Mais on aurait tort de détourner le regard. On y parle moins de la guerre que de la France. La France ? Une marâtre fille d’esclavagistes. Au fond assez peu affectionnée, à l’exception de sa langue, de ses instit et de ses pensions militaires. Dont l’histoire en impose certes mais dont le rapport à soi, « nous autres les Créoles » écrit Confiant, paraît à suivre l’auteur irréversiblement altéré. Comme une flétrissure sur l’épaule du forçat à tort condamné, que l’on peut faire semblant d’ignorer mais qui est là, preuve obsédante et disgracieuse d’une injustice. Un viol enfoui que l’on n’évoque plus mais qui aurait à ce point compromis l’avenir que l’on préfère désormais demeurer en famille.

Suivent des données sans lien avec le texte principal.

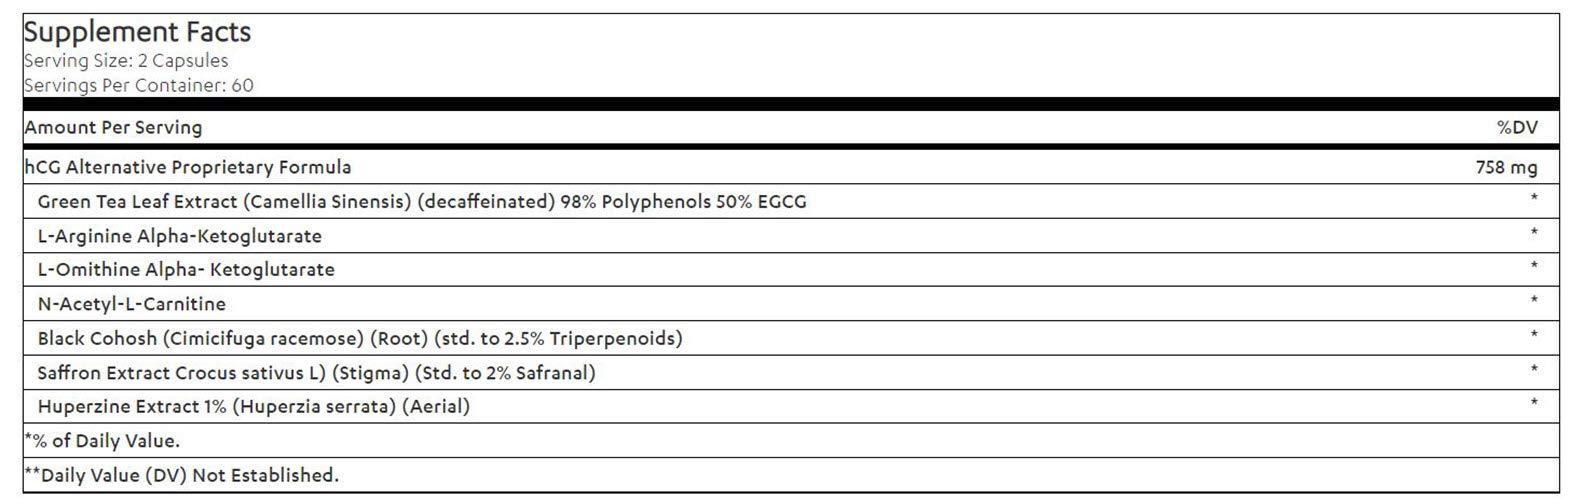 Biogentic Laboratories hCG Alternative Weight Loss Formula 2 Pack   60 Day Supply (120 Capsules per Bottle) Bonus Diet Plan Included   Hormone- Free, Stimulant- Free by Bio genetic Labs
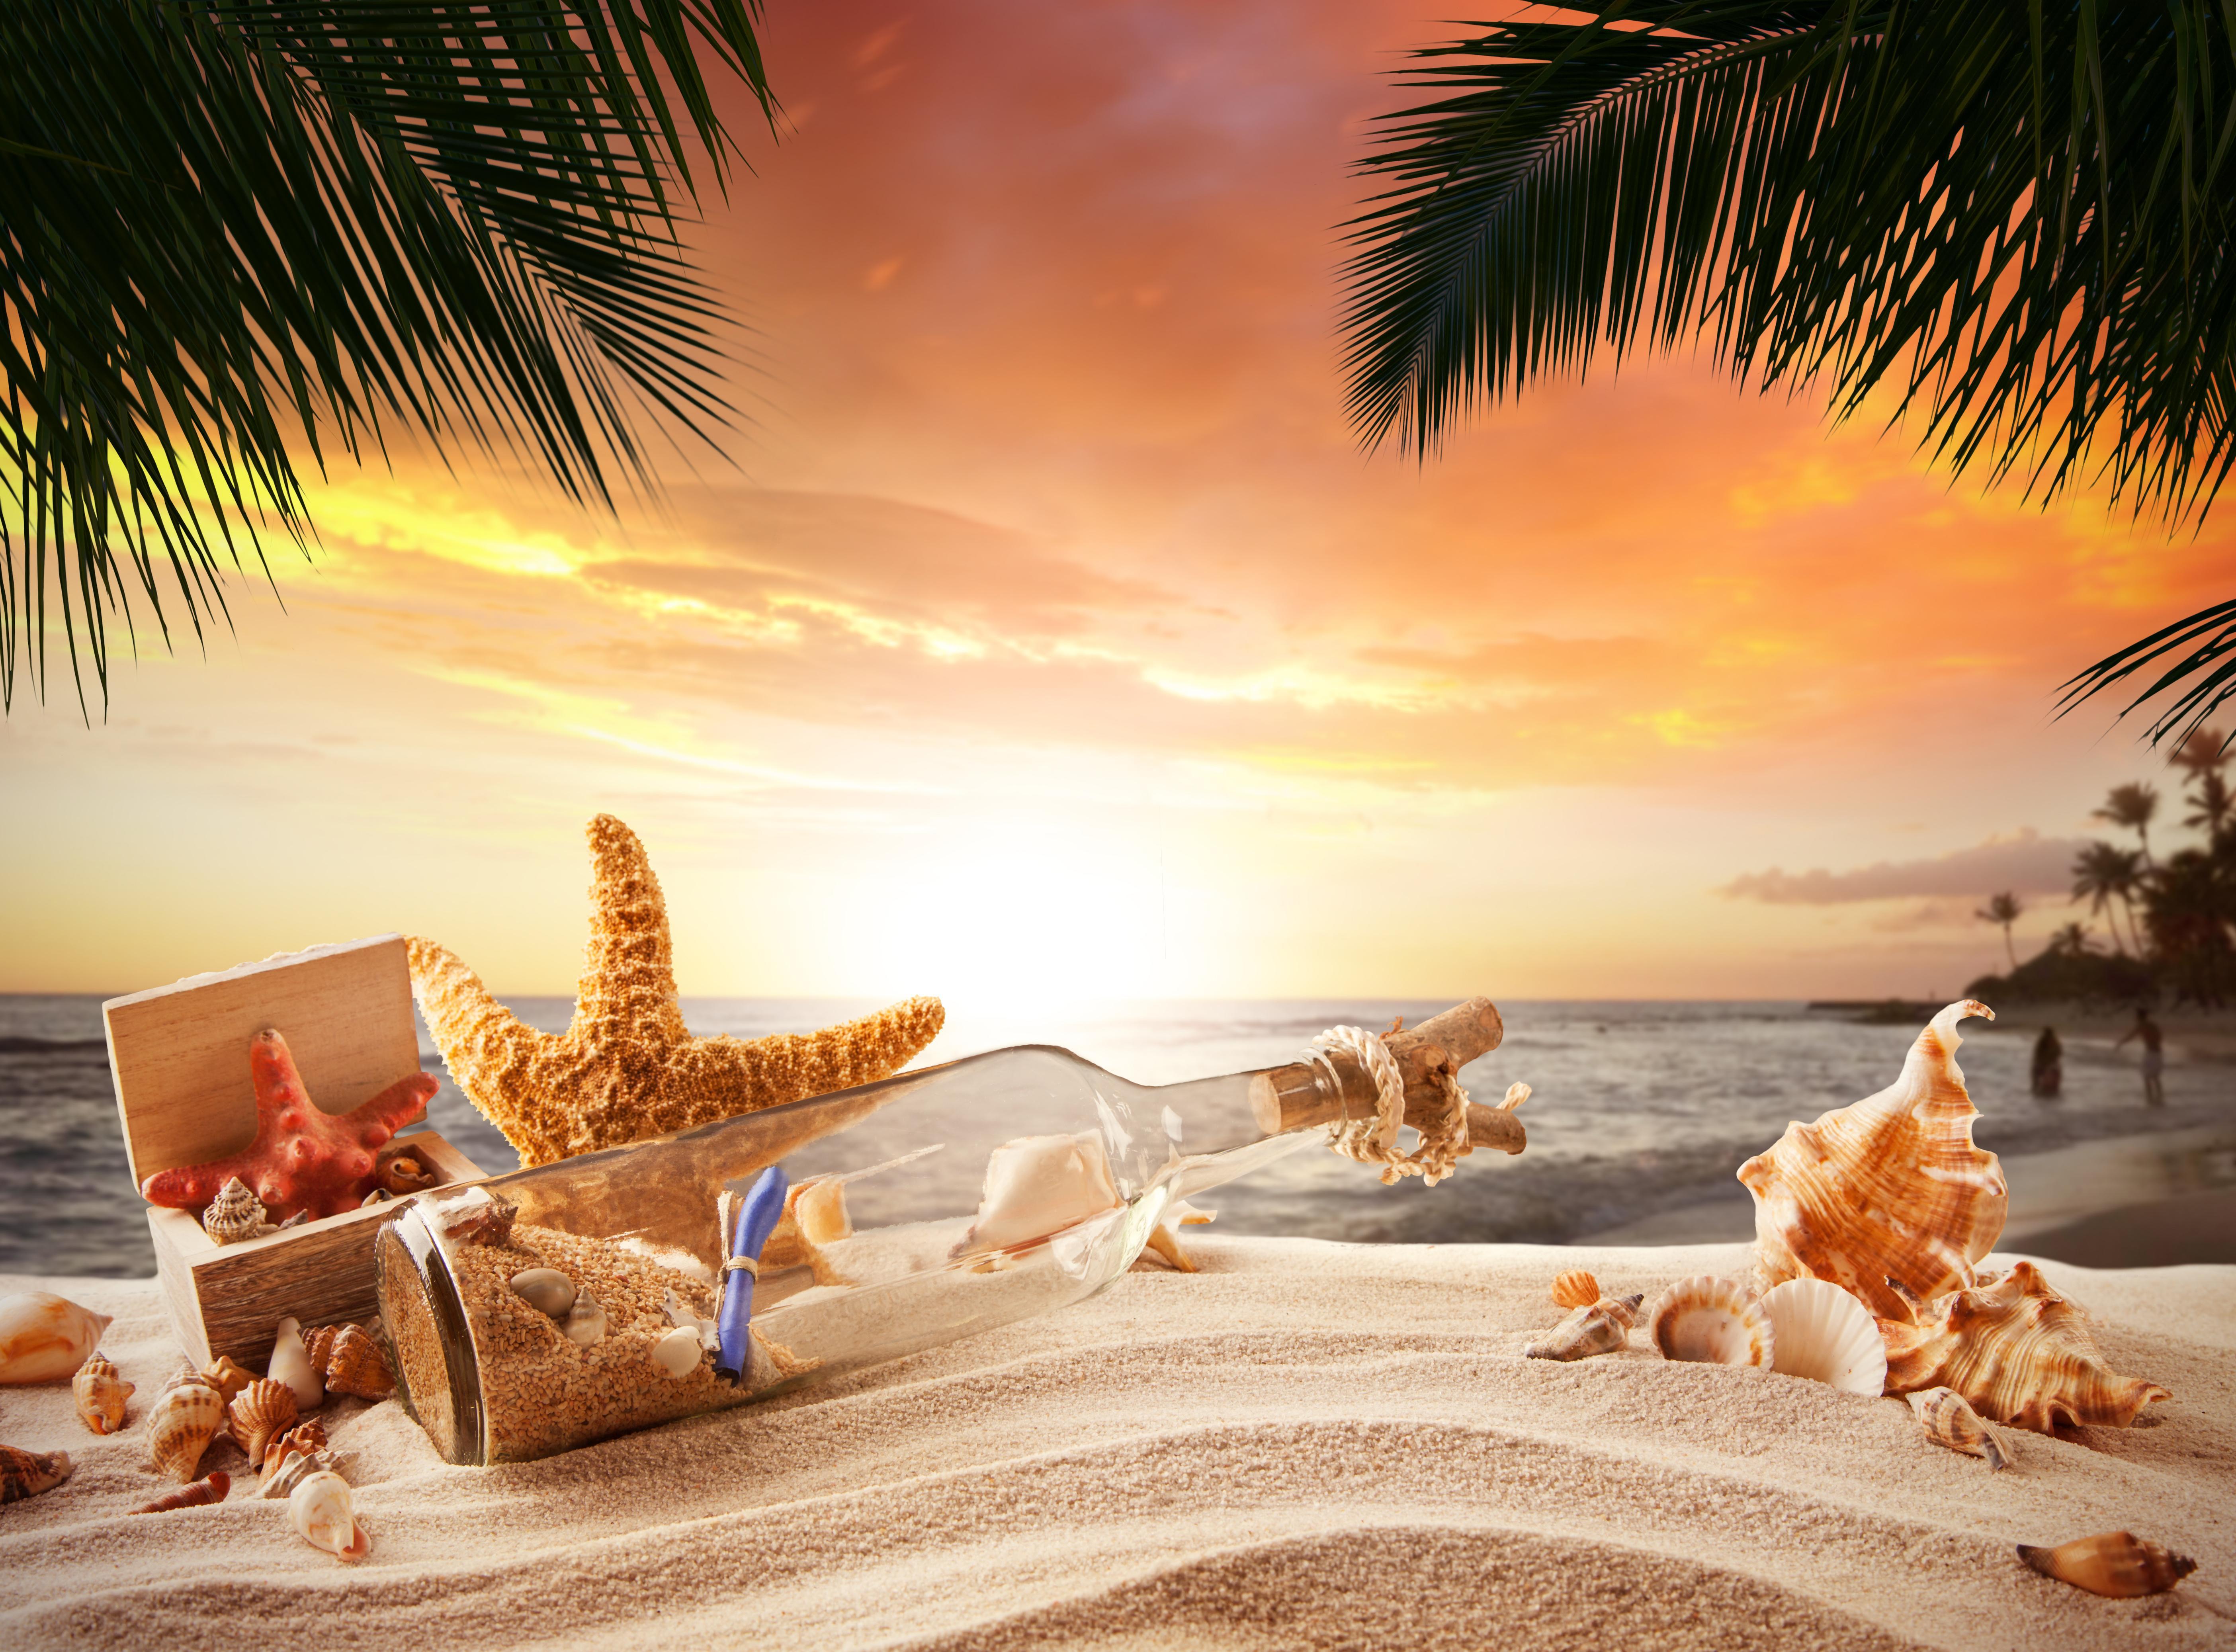 обои море, берег, бутылка, морская звезда картинки фото

Des esprits étroits appellent volontiers « communautarisme » cette souffrance tue, cette mélancolie de paradis perdu où il n’y eût jamais d’autre paradis que l’entre soi. Par défaut des autres. Par manquement, crime ou seulement défiance de la part des autres. C’est cette erreur d’optique, si terriblement contemporaine, que Confiant nous fait explorer, sans complaisance excessive, dans ce beau roman salubre et dérangeant.